Some days I sit in my bathroom, that doesn't have a lock, and pray to just make it to my next school day for sweet relief, and adult interaction.

But, in the darkness of the night, the tiniest of fingers reach for me, the littlest feet scoot along the flannel propelling the littlest man body you have ever seen until the crown of his golden head rests neatly in the den of my neck, the way a cat curls on the braided rug before the hearth. And we are warm.

And in those moments there is no cry that he is just "manipulating me" and I don't wonder the humanist vs. behaviorist approach of his development. I'm not ashamed of the avocado, kiwi, and chips he had for lunch. I certainly am not thinking about whether or not Carl Rogers would notice the unrealistically Ideal Self I am creating for him.

In those moments I'm smelling the smell of his hair and noticing the way the street light laps at his cheeks and dances upon the pout of his perfectly kissable lips.

There are days, that I have a paper due, a test coming, 4 hours of home work, not a dollar to my name and not a sitter in sight. Those are the days I kick myself for not owning a T.V. because I wish to anything that would listen that I could make use of an electronic baby sitter, to save my grades, sanity, and the overall morale of our tiny household. Those are the days that I know if he touches the tool box, or tries to climb on the bathroom counter to get to his vitamins one more damn time, I'm going to implode.

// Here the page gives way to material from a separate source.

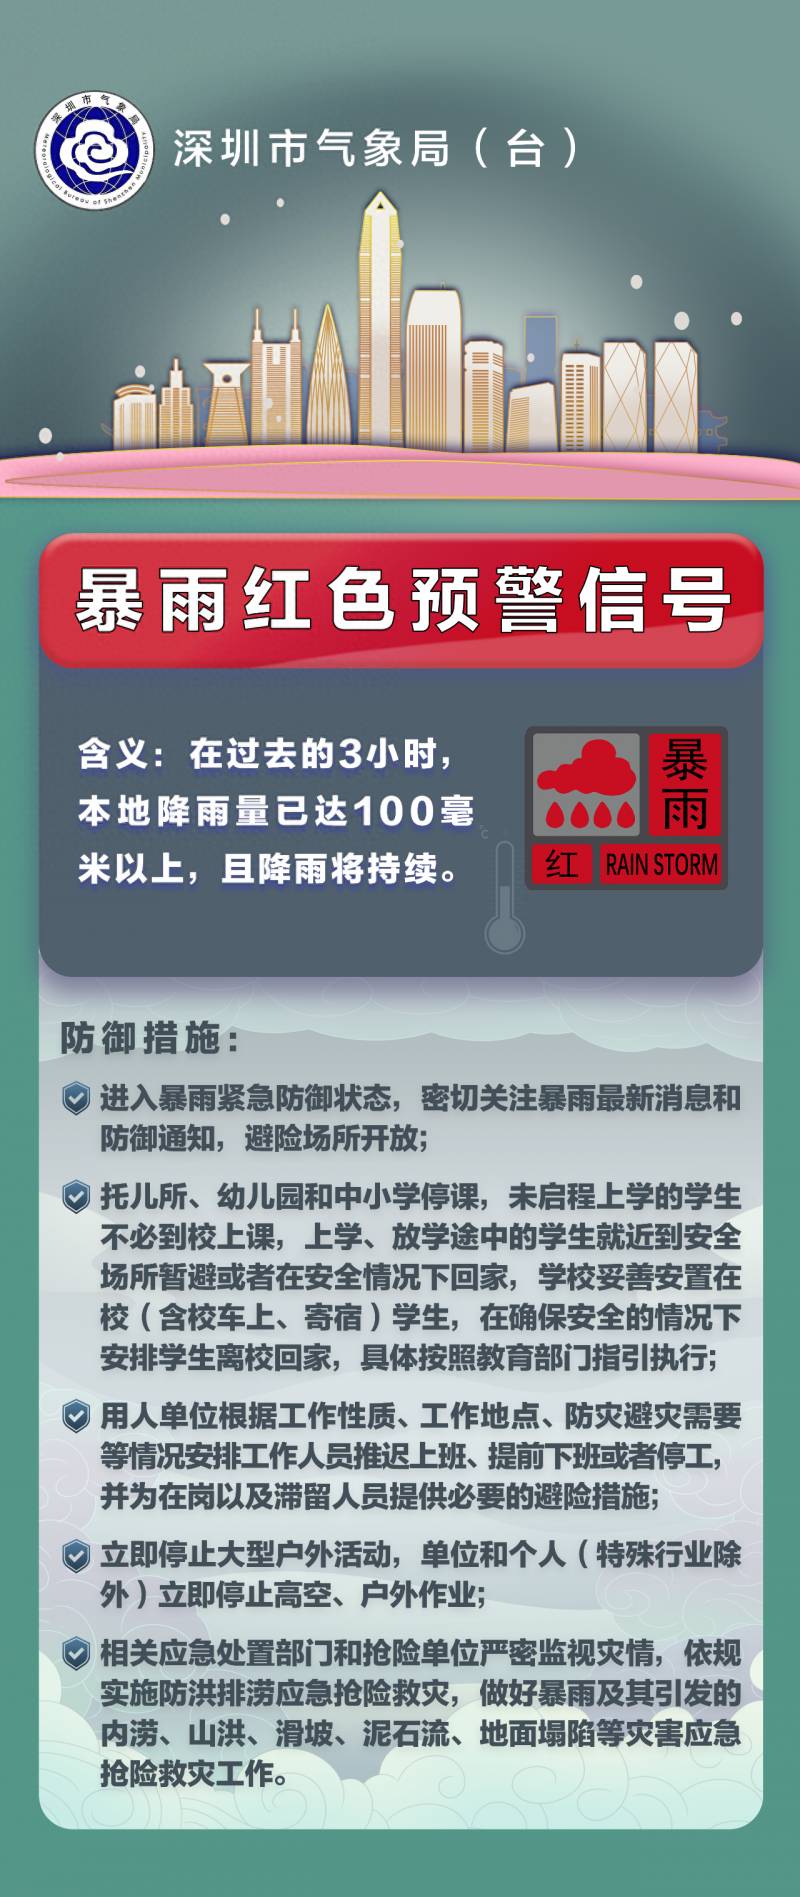 深圳信息网的微博，深圳发布今年首个暴雨红色预警信号，未来一周持续关注暴雨及强对流天气动态

And then he says, "I luge you mommy!" or tells me about how his "big belly is full of water," he has been drinking out of the faucet, mind you.

But mostly in those moments in the middle of the night I see the truth in his love. I feel the ancient honor of motherhood radiate through me. The knowing that this tiny little creature in his most raw and spectacular form knows so little of the world around us, but knows with the utmost certainty that I am warm, and soft and will love him fully. So in the middle of the night, while his conscious mind rest, his sweet subconscious reaches for me, and it is indisputably the greatest gift I could ever accept.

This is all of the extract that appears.